Was it blowing fuses before you overloaded it?....larger fuse could solve but there may be an underlying problem.... Stick a shunt in her and look for the smoke..lol


----------



## berger (Sep 1, 2011)

no it never blew the fuses before the only time it started i was in shallow water and got the blade stuck in the mud and it blew the fuse and i have noticed when u connect the trolling motor to the batteries they get kinda hot


----------



## linehand (Sep 1, 2011)

berger said:


> no it never blew the fuses before the only time it started i was in shallow water and got the blade stuck in the mud and it blew the fuse and i have noticed when u connect the trolling motor to the batteries they get kinda hot



Hate to say it but souinds like you cooked something. Do what you want, but if it was in my hands I would look into it and find out what is causing the problem.


----------



## TNtroller (Sep 1, 2011)

may have melted some wire insulation when you got it stuck, and is now causing a short due to the bare wire exposed, which blows the fuse.
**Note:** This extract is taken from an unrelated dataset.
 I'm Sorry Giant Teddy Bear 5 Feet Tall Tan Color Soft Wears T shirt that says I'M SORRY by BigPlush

I would inspect every inch of the TM wiring, something is not right.


----------



## wihil (Sep 1, 2011)

Just a couple things -

Uprating the fuse from a 30 to a 50 isn't solving the problem - if anything it could cause more issues down the road.
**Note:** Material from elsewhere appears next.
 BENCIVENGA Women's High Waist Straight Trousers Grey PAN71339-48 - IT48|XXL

Fuses can blow for many reasons, but the one underlying reason is more current than the circuit is designed to handle. Something is loading down the circuit and causing the fuse to go.

A lot of people will immediately jump to a "short", but if that were the case your motor wouldn't start/stop/start/stop before the fuse went. If it was a short the fuse would blow immediately the moment you put it back into the circuit. 

The fact your motor is start/stop/starting would point me in the direction of the motor itself - the battery is getting hot because it's trying to dump current into the motor to make it go.

Without knowing what happened and going off what you've said so far, I'm betting that:

1) The motor has reduced resistance (less resistance, more current to drive it = fuse poof!) in it from when the motor was stalled, damaging the coils and reducing the motor's internal resistance

2) The motor has a thermal sensor in it and see it getting hot, so it stops it to prevent it from damaging itself.

3) Motor turns back on, current is too high

4) Fuse blows.

OR - 

You've got a bad battery - the motor stalled in the mud, draining the battery and it wasn't charged up immediately afterward/it was an old wetcell battery and was starting to get tired. Even after charging you've got a float charge of 12V, but the actual capacity is much less so you when you apply the load (motor) it starves the battery of voltage (low voltage = high current) and the motor sees this causing the motor to start/stop as the voltage drops too low (eg, 11v runs, 9v's stops causing the battery to recover to 11v, and the motor runs again), and eventually there's not enough voltage to run it which spikes the current and the fuse blows.

The first option is a bit of an issue to troubleshoot, but the second option is as easy as pulling the battery down to Autozone or where ever and having them load test the battery for free.

Just a couple idea's for you.

C


----------



## linehand (Sep 2, 2011)

wihil said:


> Just a couple things -
> 
> Uprating the fuse from a 30 to a 50 isn't solving the problem - if anything it could cause more issues down the road.
> 
> ...



Not trying to question an EE but you stated: 1) The motor has reduced resistance (less resistance, more current to drive it = fuse poof!) in it from when the motor was stalled, damaging the coils and reducing the motor's internal resistance
To me that doesn't make sense. Did you mean increased resistance like a failed open or near open in the windings or brushes? Causing the high current to make the fuse fail?
I also think the issue could be with the switch contacts burned up. They are made so cheap anymore I have seen them fail before the motor damages itself.


----------



## Jonboat Jerry (Sep 2, 2011)

TNtroller said:


> may have melted some wire insulation when you got it stuck, and is now causing a short due to the bare wire exposed, which blows the fuse. I would inspect every inch of the TM wiring, something is not right.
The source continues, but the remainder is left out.